Citation: | Miao, S. Y., Zhang, H. J., Tan, Y. Y., and Lin, Y. (2021). Development of a new high resolution waveform migration location method and its applications to induced seismicity. Earth Planet. Phys., 5(6), 520–531. DOI: 10.26464/epp2021056 |
Locating seismic events is a central task for earthquake monitoring. Compared to arrival-based location methods, waveform-based location methods do not require picking phase arrivals and are more suitable for locating seismic events with noisy waveforms. Among waveform-based location methods, one approach is to stack different attributes of P and S waveforms around arrival times corresponding to potential event locations and origin times, and the maximum stacking values are assumed to indicate the correct event location and origin time. In this study, to obtain a high-resolution location image, we improve the waveform-based location method by applying a hybrid multiplicative imaging condition to characteristic functions of seismic waveforms. In our new stacking method, stations are divided into groups; characteristic functions of seismic waveforms recorded at stations in the same group are summed, and then multiplied among groups. We find that this approach can largely eliminate the cumulative effects of noise in the summation process and thus improve the resolution of location images. We test the new method and compare it to three other stacking methods, using both synthetic and real datasets that are related to induced seismicity occurring in petroleum/gas production. The test results confirm that the new stacking method can provide higher-resolution location images than those derived from currently used methods.

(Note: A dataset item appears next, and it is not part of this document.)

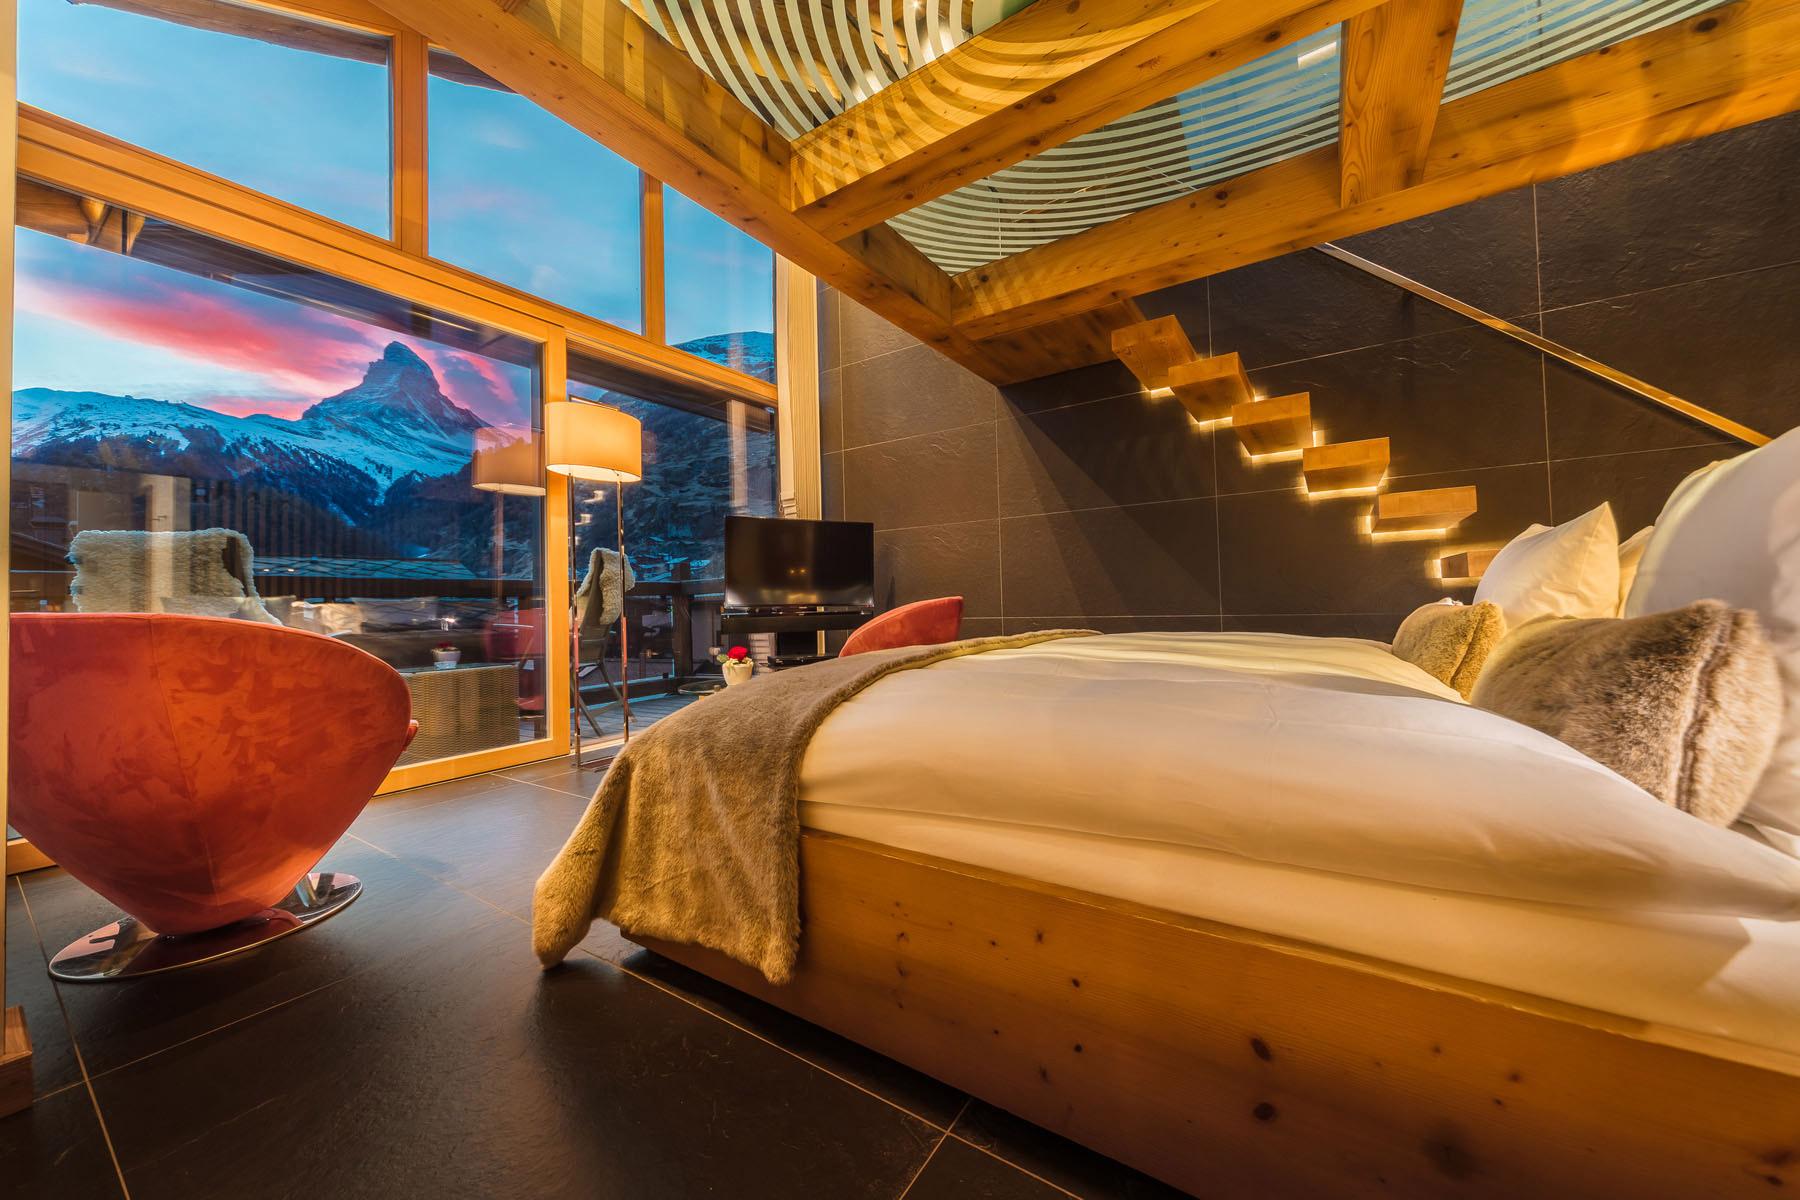 hotel bellerive zermatt urlaub in zermatt am matterhorn. Black Bedroom Furniture Sets. Home Design Ideas

To monitor induced seismicity, it is essential that seismic events are detected and located accurately. Seismic monitoring has been employed widely in unconventional oil and gas development (e.g. Rutledge et al., 1998; Lakings et al., 2006; Le Calvez et al., 2007; Gharti et al., 2010; Maxwell et al., 2010; Grigoli et al., 2013), geothermal development (e.g. Phillips et al., 2002; Dyer et al., 2008), and mining (e.g. Ge MC, 2005; Tang LZ et al., 2006; Qian JW et al., 2018). These activities can induce considerable seismicity when they create new fractures or reactivate existing fractures/faults. The locations of these induced seismic events can be used to delineate fracture distributions, evaluate stimulated reservoir volume, and identify active faults; such information is essential to improve understanding of the hydraulic fracturing used in unconventional resources development, as well as in forecasting potential hazards in mining (Maxwell and Urbancic, 2002; Rutledge and Phillips, 2003; Maxwell, 2011; Close et al., 2012; Li JL et al., 2013; Grechka et al., 2015).

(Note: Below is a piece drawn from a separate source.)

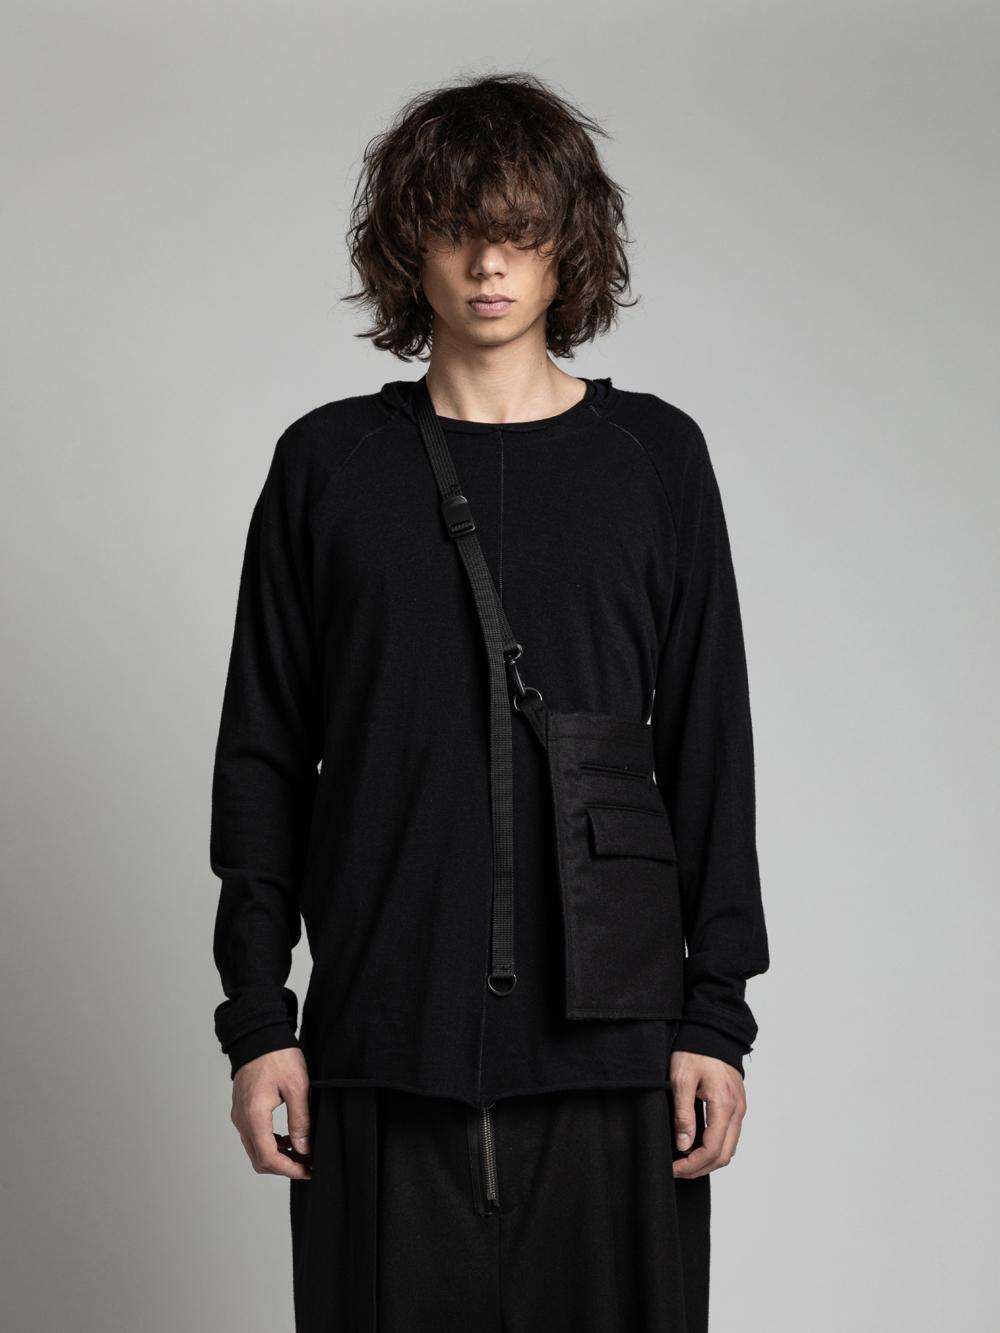 VI-3168-09 / ウール ポケット サコッシュ (小)

Conventionally, seismic event location methods used to locate earthquakes have relied on picking the P- and S-wave arrival times manually or automatically (e.g. Douglas, 1967; Pujol, 1992; Waldhauser and Ellsworth, 2000; Zhang HJ and Thurber, 2003; Waldhauser and Schaff, 2008; Zhang HJ et al., 2010; Kwiatek et al., 2013). When seismic signals have low signal-to-noise ratios (SNRs), picking their phase arrivals reliably at different stations — whether manually or automatically — has been challenging, even in the case of downhole microseismic monitoring (e.g. Kersey, 2000; Maxwell et al., 2010; Eisner et al., 2010; Lin Y and Zhang HJ, 2016). For this reason, waveform-based location methods have been proposed to avoid having to pick phase arrivals (e.g., Kao H and Shan SJ, 2004; Pesicek et al., 2014; Zhebel and Eisner, 2015; Beskardes et al., 2018). For a complete review of waveform-based location methods and their applications, refer to Li L et al. (2020). The two principal categories of waveform-based location methods are partial waveform stacking and time reverse imaging (Li L et al., 2020).

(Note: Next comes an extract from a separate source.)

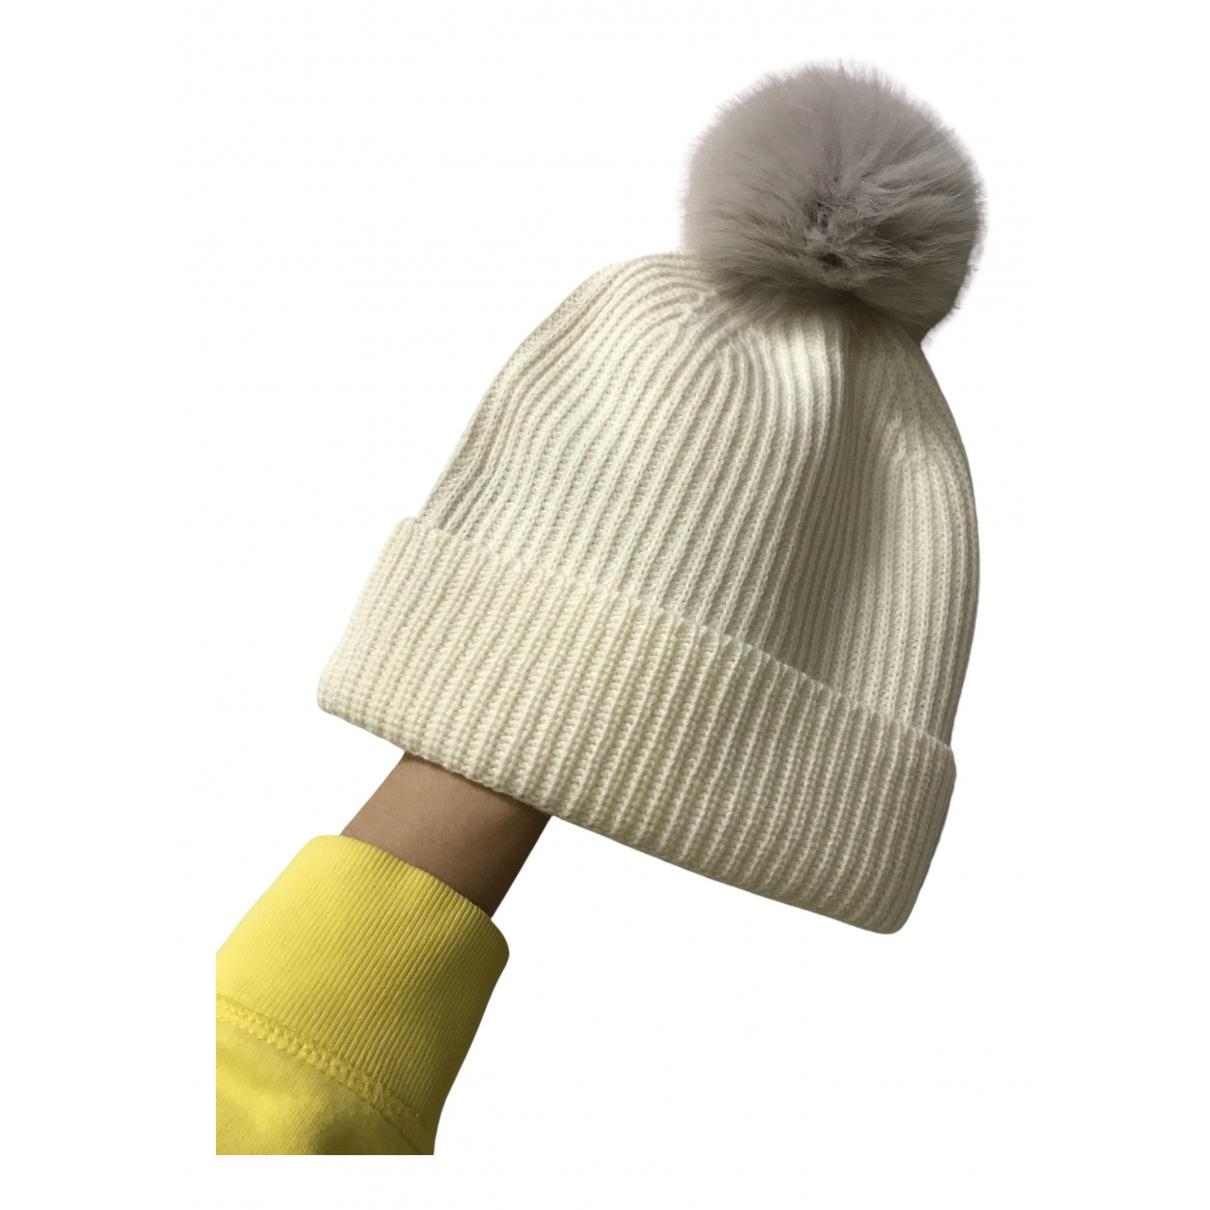 Max Mara N White Wool hat for Women 56 cm

Partial waveform stacking sums various waveform attributes that are corrected by the corresponding travel times from potential sources to different receivers (Li L et al., 2020). The trial location associated with the maximum stacking value is assumed to be the hypocenter. Most methods based on partial waveform stacking use the concept of Kirchhoff migration. By employing more waveform information than conventional arrival-based location methods, partial waveform migration-based methods can be more suitable for locating weak seismic events and may be able to improve location accuracy. By stacking actual waveform amplitudes, Duncan (2005) first introduced the waveform migration-based method to locate microseismic events induced by hydraulic fracturing of shale gas reservoirs. However, due to polarity reversals caused by shear-slip-dominated source focal mechanisms, the maximum brightness value that results from stacking actual waveform amplitudes may not correspond to the true event location because of waveform destruction. To reduce the influence of waveform polarity, Kao H and Shan SJ (2007) proposed a source-scanning algorithm (SSA) that searches for the origin time and location simultaneously by maximizing the brightness function that sums the waveform envelopes at all stations. Alternatively, to account for waveform polarity reversals, Grigoli et al. (2013) proposed stacking the short-term average to long-term average ratio (STA/LTA) series of the waveforms, and Liang CT et al. (2016) proposed stacking the focal mechanism corrected waveforms in the joint source scanning algorithm (jSSA).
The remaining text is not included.